Владение землей, видимо, является предметом законного права. Говорить о праве в отрыве от контекста, существующего в действительности, было бы очевидной нелепостью. Дело приняло плохой оборот, попав в руки профессиональных юристов, привыкших к грубому формализму, чурающихся социологических или экономических головоломок, поднаторевших на антропологических играх «минимальных определений» и расплывчатых понятий. Это выглядит так, как если бы теологам из небольшой секты фанатиков было доверено выработать общий символ веры для «Wee Free Creed», тотемизма, культа предков и меланезийской магии. Это был бы поиск вслепую. То, что юристы подобным же образом блуждают в потемках, видно хотя бы из того, как много их постановлений было опровергнуто практикой и как часто эти постановления на самом деле были способом увильнуть от решения проблемы.

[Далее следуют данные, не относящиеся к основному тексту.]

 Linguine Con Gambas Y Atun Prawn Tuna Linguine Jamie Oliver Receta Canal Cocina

Прежде чем анализировать ошибки и произвол, чинимые в отношении законного права туземцев жить на собственной земле, наметим позитивный подход. Основная юридическая проблема заключается в следующем: каким образом следует признать, утвердить и постоянно соблюдать права туземцев, чтобы защитить их от алчности европейцев.

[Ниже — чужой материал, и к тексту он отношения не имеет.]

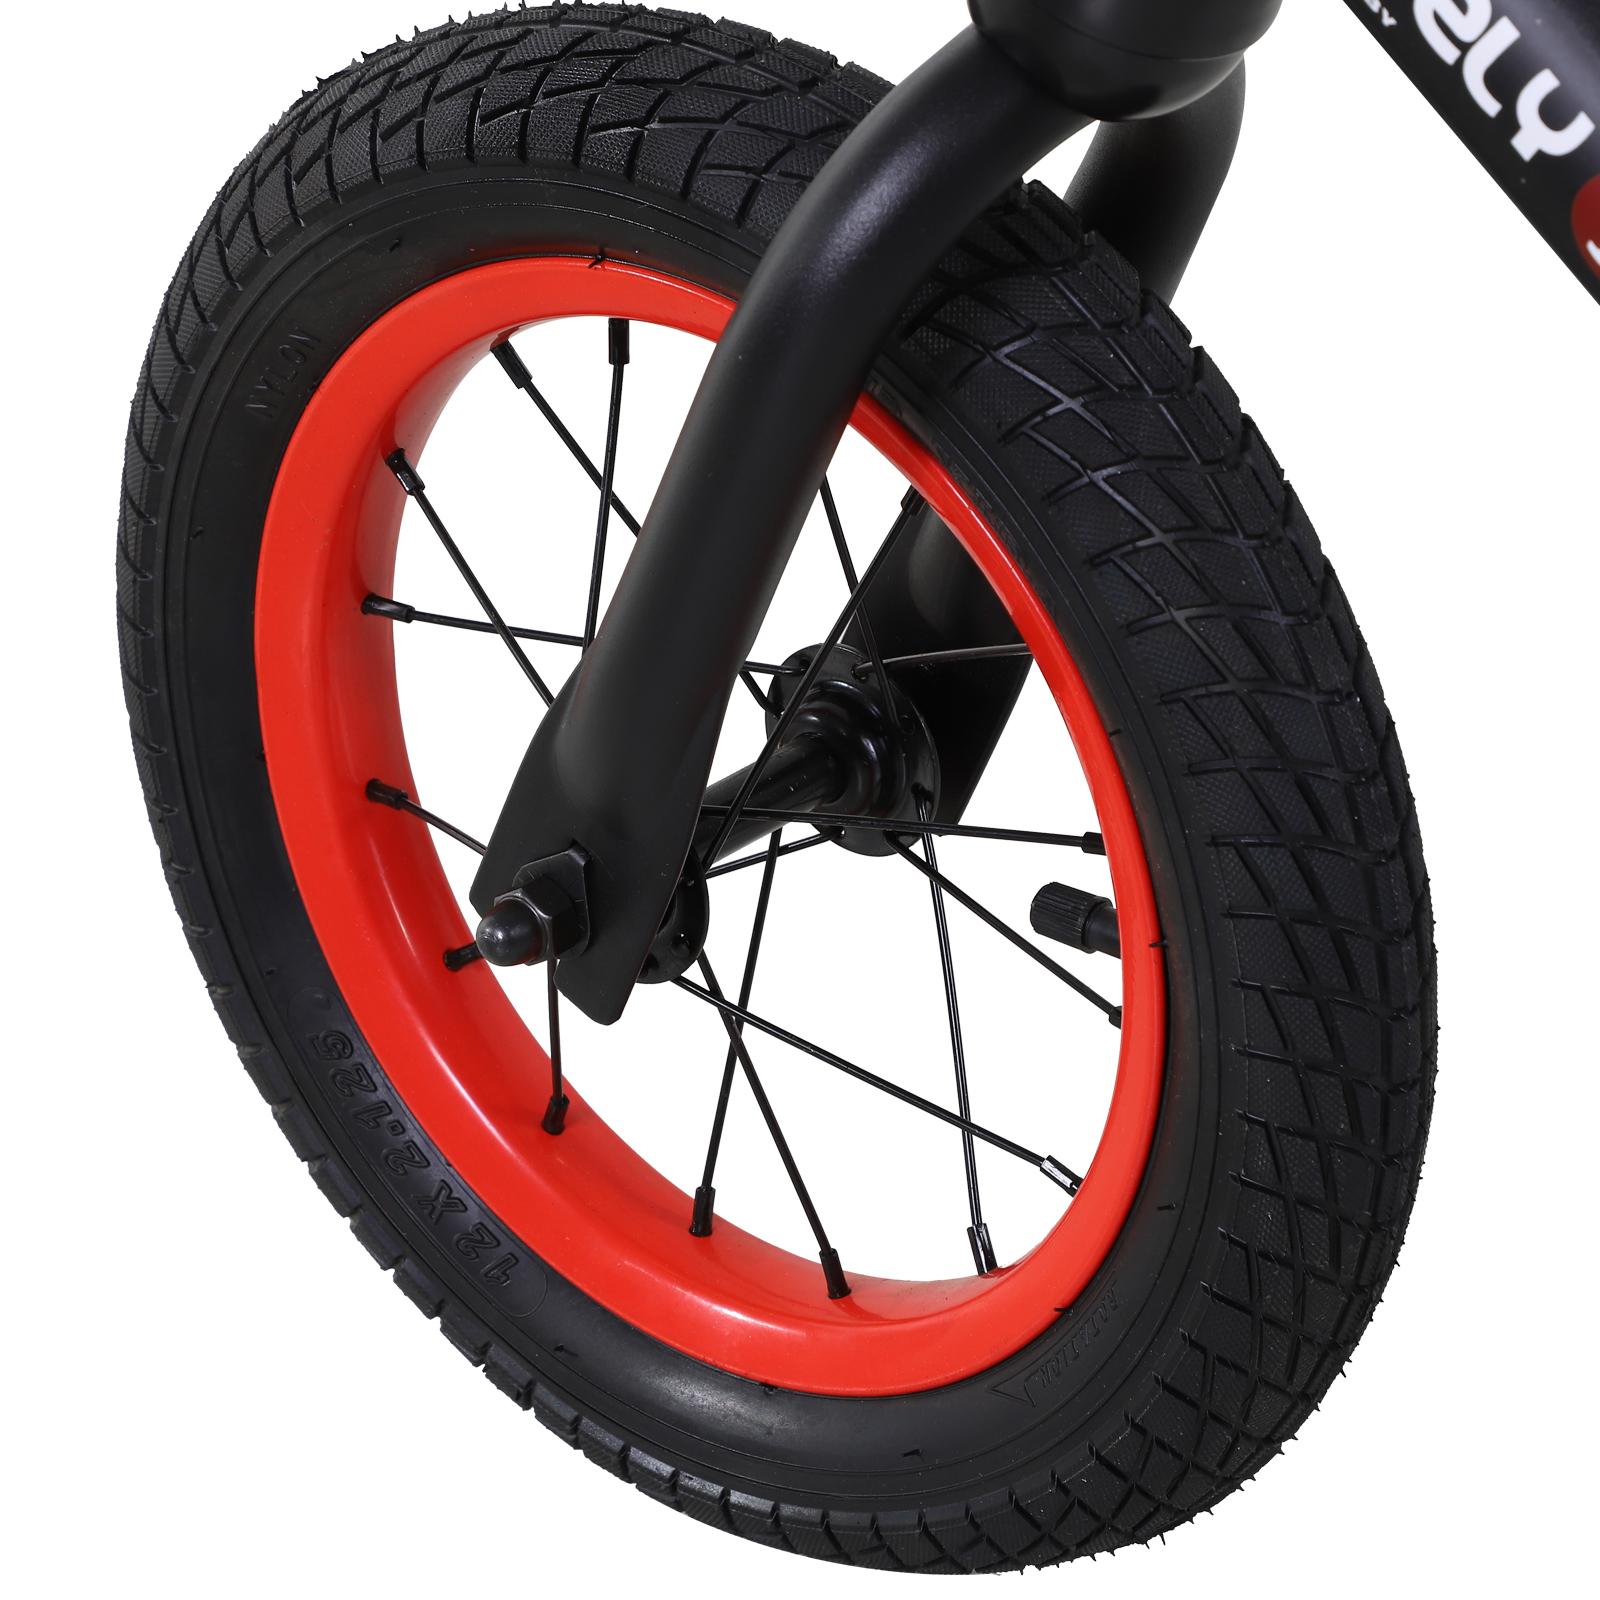 Bicicleta-sin-Pedales-de-Altura-de-Asiento-Regulable-31-45cm-2-5-Anos miniatura 10

Права должны защищать туземцев от юридических подвохов со стороны европейцев и в то же время не разрушать туземную экономику. С теоретической точки зрения это значит, что необходимо найти некую общую почву, позволяющую согласовать туземные законы, опирающиеся на вековечные традиции владения землей и ее использования, с одной стороны, и европейские правовые системы – с другой. Можно ли найти такую почву, такие общие для обеих сторон мотивы? Несомненно. Во-первых, это стремление европейцев, проживающих на определенных территориях, получить гарантии своей полной безопасности и признание своих прав на обладание землей со стороны туземцев; во-вторых, это стремление туземцев сохранить свои земли и обрабатывать их без корыстного вмешательства со стороны белых. Кроме того, когда европейцы ищут лазейки для того, чтобы отменить туземный закон, основанный на обычае, они апеллируют к принципу «естественной справедливости и морали». Этот принцип, однако, может рассматриваться как общий, если речь идет и о защите существующих прав туземцев, – ведь элементарное право на жизнь и есть, в сущности, основной принцип справедливости и здравого смысла.

Одна из главных трудностей до сих пор заключалась в том, что европейские юристы не могли определить права туземцев в терминах, не связанных со свободной индивидуальной собственностью{144}. Они ориентировались прежде всего на европейскую правовую систему, но на какую именно систему? Должна ли система прав, обеспечивающих индивидуальную собственность, быть заимствована из кодекса Наполеона или из билля английской палаты общин; должна ли она походить на соответствующие законы в Ирландии, где нет крупного землевладения, или на польскую систему, уходящую корнями во времена крепостничества? Говорить о европейской собственности как таковой, «где собственник обладает абсолютными правами и может сам распоряжаться своей собственностью»{145}, – значит допускать чудовищную некорректность в определении.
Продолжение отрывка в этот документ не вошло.